Raising Readers in the Digital Age

I still remember my grade school years. Immigrating to North America and enrolled in English-as-Second-Language (ESL) classes in Canada, I felt accomplished to just keep up with reading assignments, not realizing that they were greatly simplified for non-native speakers. Eventually, between the Hardy Boys and Goosebumps, I hit my reading stride, working my way up to fantasy series the likes of The Belgariad and Wheel of Time.

Admittedly, there were fewer distractions back in the 80s and early 90s. Phones were hardwired to the walls; the internet was still a closed network for facilitating conversations between academics; on-demand video largely consisted of WWF pay-per-view events. Novels were a cheap and plentiful source of entertainment, and our parents had helped us develop robust library habits in our formative years. I’m glad that this civic institution has not only survived in subsequent decades but has actively evolved to serve its communities.

When attempting to pass along this love of literature to the next generation, modernity presents an updated challenge . Since kindergarten, the kids’ teachers have emphasized the need to read at home, while they dedicate curricular efforts in the classroom. Some kids take to it naturally, but others struggle: some parents are busy, kids have different rates of learning vocabulary and grammar, and it gets harder in each subsequent year to keep up with the expected reading levels when they start falling behind. By the 3rd and 4th grades, books have to compete with YouTube and TikTok and video games1. Attention spans do seem to be getting shorter, and one of the popular current remedies is to ban phones on school campuses entirely.

For our kids, I’ve tried to take the “yearn for the vast and endless sea” approach. Screentime limits are still enforced, with one glaring exception: they get to use their Kindle e-readers as much as they want2. For this use case, the underrated Kindle Kids product fits perfectly. The same advantages that drive my preferences for reading on e-ink displays apply—less eyestrain, long battery life, and no apps to distract from its primary job of facilitating reading. An Amazon Kids+ subscription provides an on-demand library of kids’ books, and the 2-year replacement warranty provides some peace of mind given the kids’ propensity for electronics destruction. For lengthy car rides and plane trips, it’s a good alternative to the iPad mainstay.

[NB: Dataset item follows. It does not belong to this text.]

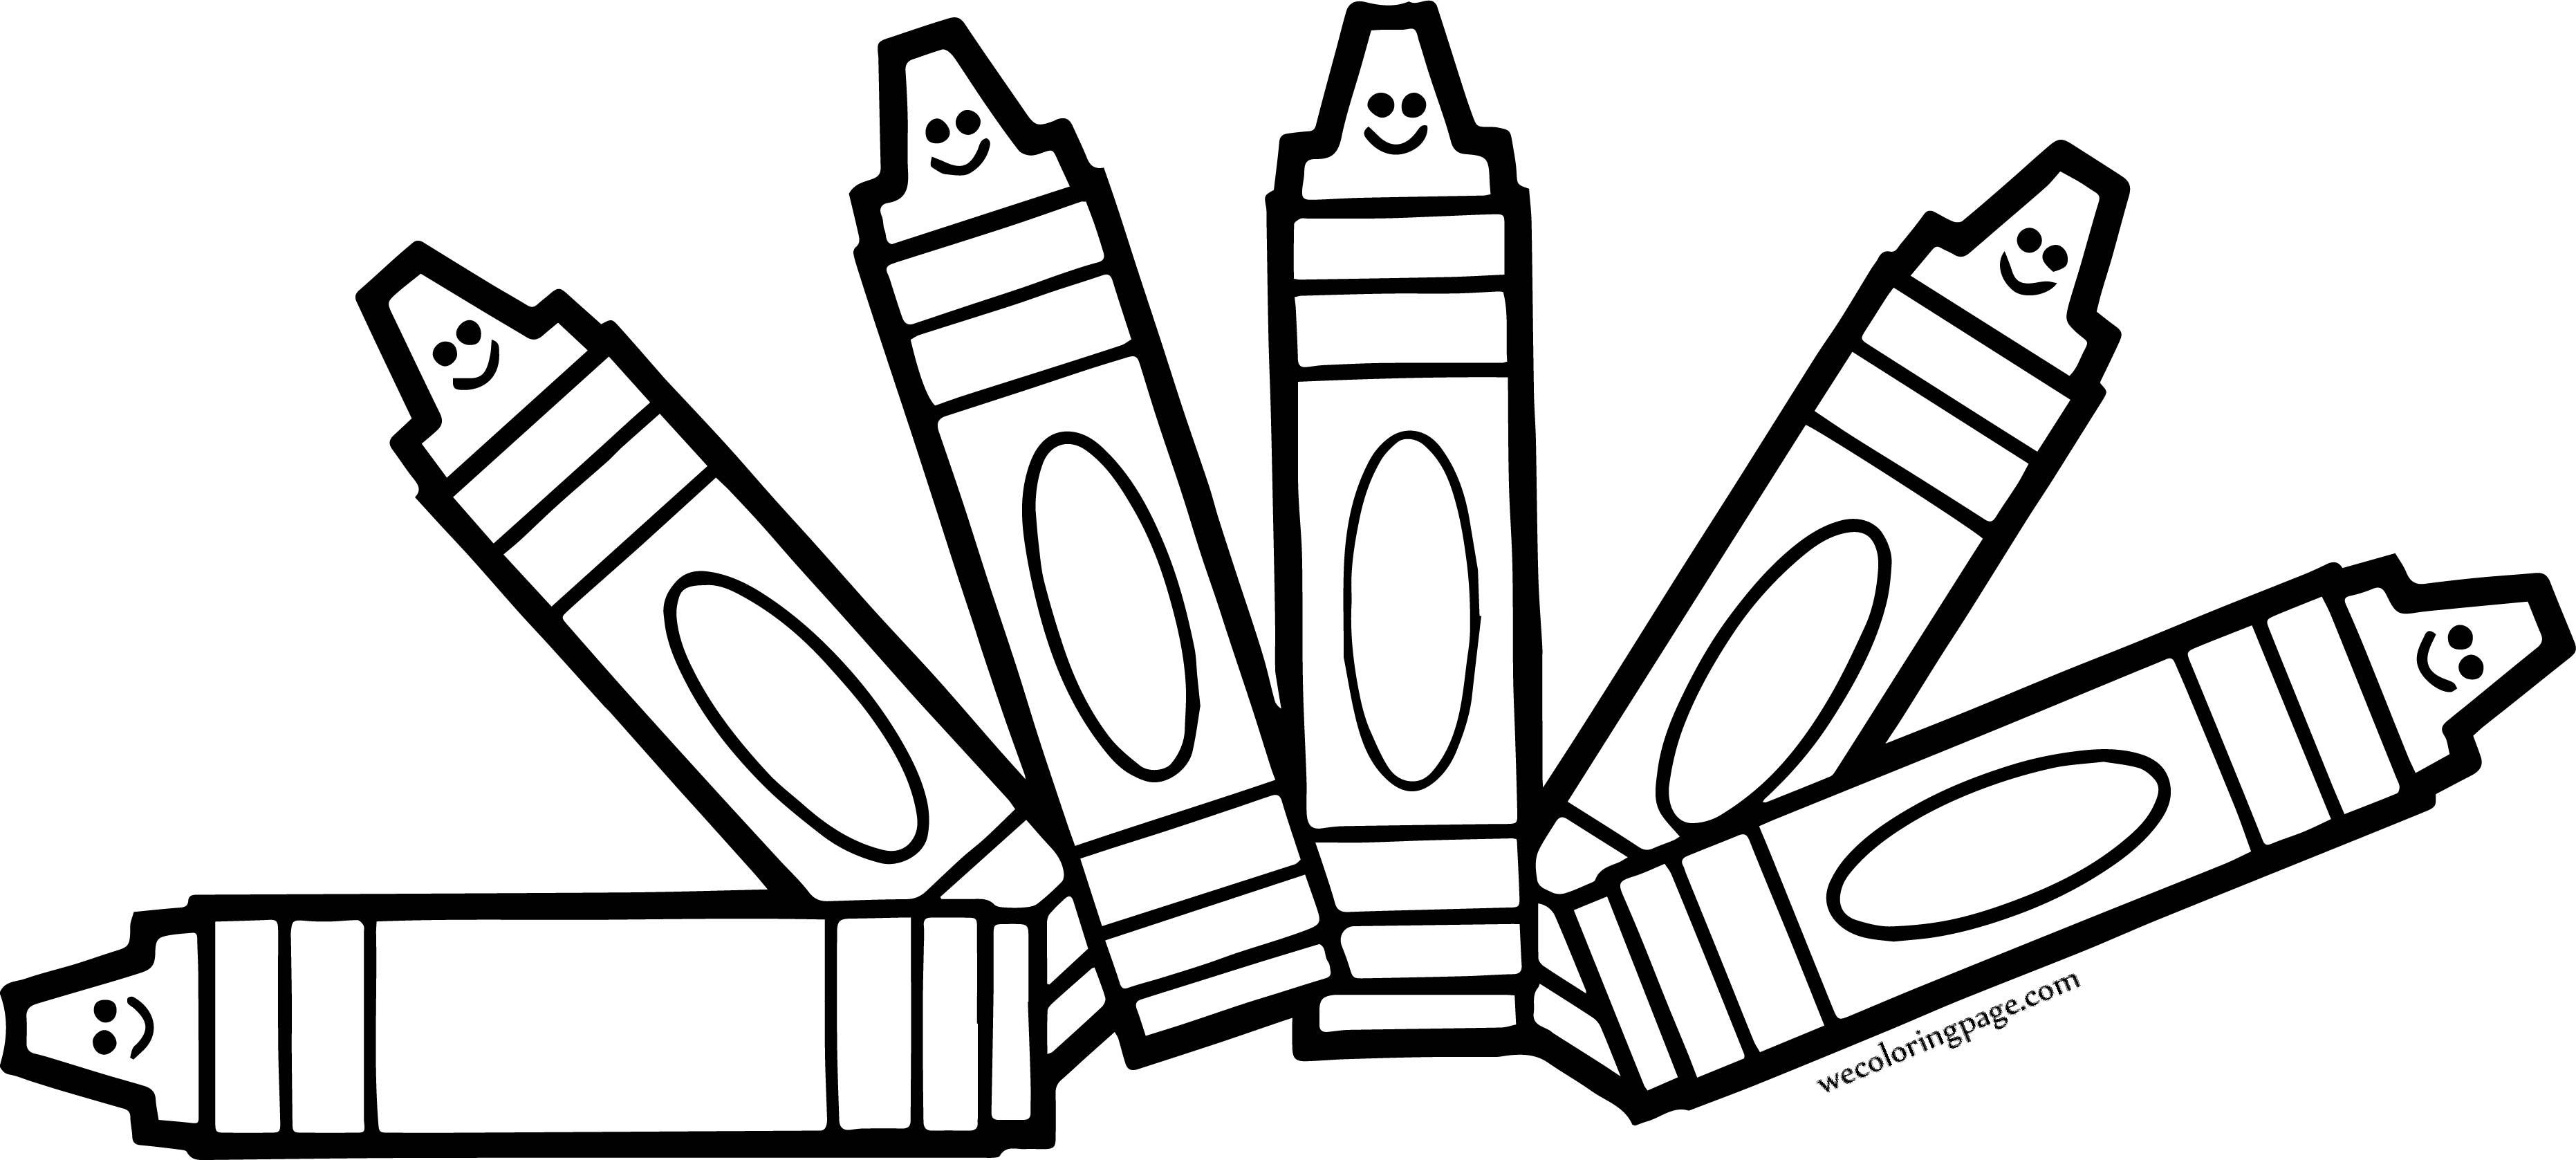 Six Crayon Cartoon Pen Coloring Page

Of course, e-readers aren’t the educational panacea to reading. The Kindle Kids+ collection has plenty of comic books alongside literary classics, and when given the choice, the kids end up picking books well below their reading level for comfort and entertainment. The portability works as a double-edged sword as well; we’ve had to confiscate the tablets a few times in grocery stores and restaurants3. We still frequent the library for paperbacks and physical books, and I make it a point to select some of their reading material, albeit to uneven levels of enthusiasm.

Tellingly, I’m catching them making the same types of pronunciation mistakes that I made as a kid. I don’t know if there’s a name to this phonemenon, but it’s a bit of a running joke in the SharpTech podcast: the hosts will occasionally mispronounce uncommon words, but it’s largely due to having learned the verbiage through reading and writing, as opposed to hearing it via audio or video 4. A term like “nadir” shows up in articles and books once in a long while, but slipping it in casual conversation is firmly bibliophilic.

I’d like to think that these innocent mistakes mean they’re expanding their vocabulary via reading, and that it’s introducing them to more complex topics while strengthening their mental muscles to maintain attention and interest. It takes me a little while to decipher a spoken trey-bucket (trebuchet) or cone-che (conch), but these are orthographic lessons I’m happy to give.


  1. To be completely fair, the majority of adults fell prey to the same flashy, attention-grabbing entertainment; it’s not just the kids getting distracted.

  2. When they first got their Kindles, the sense of getting any electronic time was a win.

  3. Ironically, there have been other parents who’ve complimented the kids on trying to read in the store.

  4. In this, English is especially tricky with its multitude of borrowed words from other languages, which creates this laundry list of one-off pronunciation rules.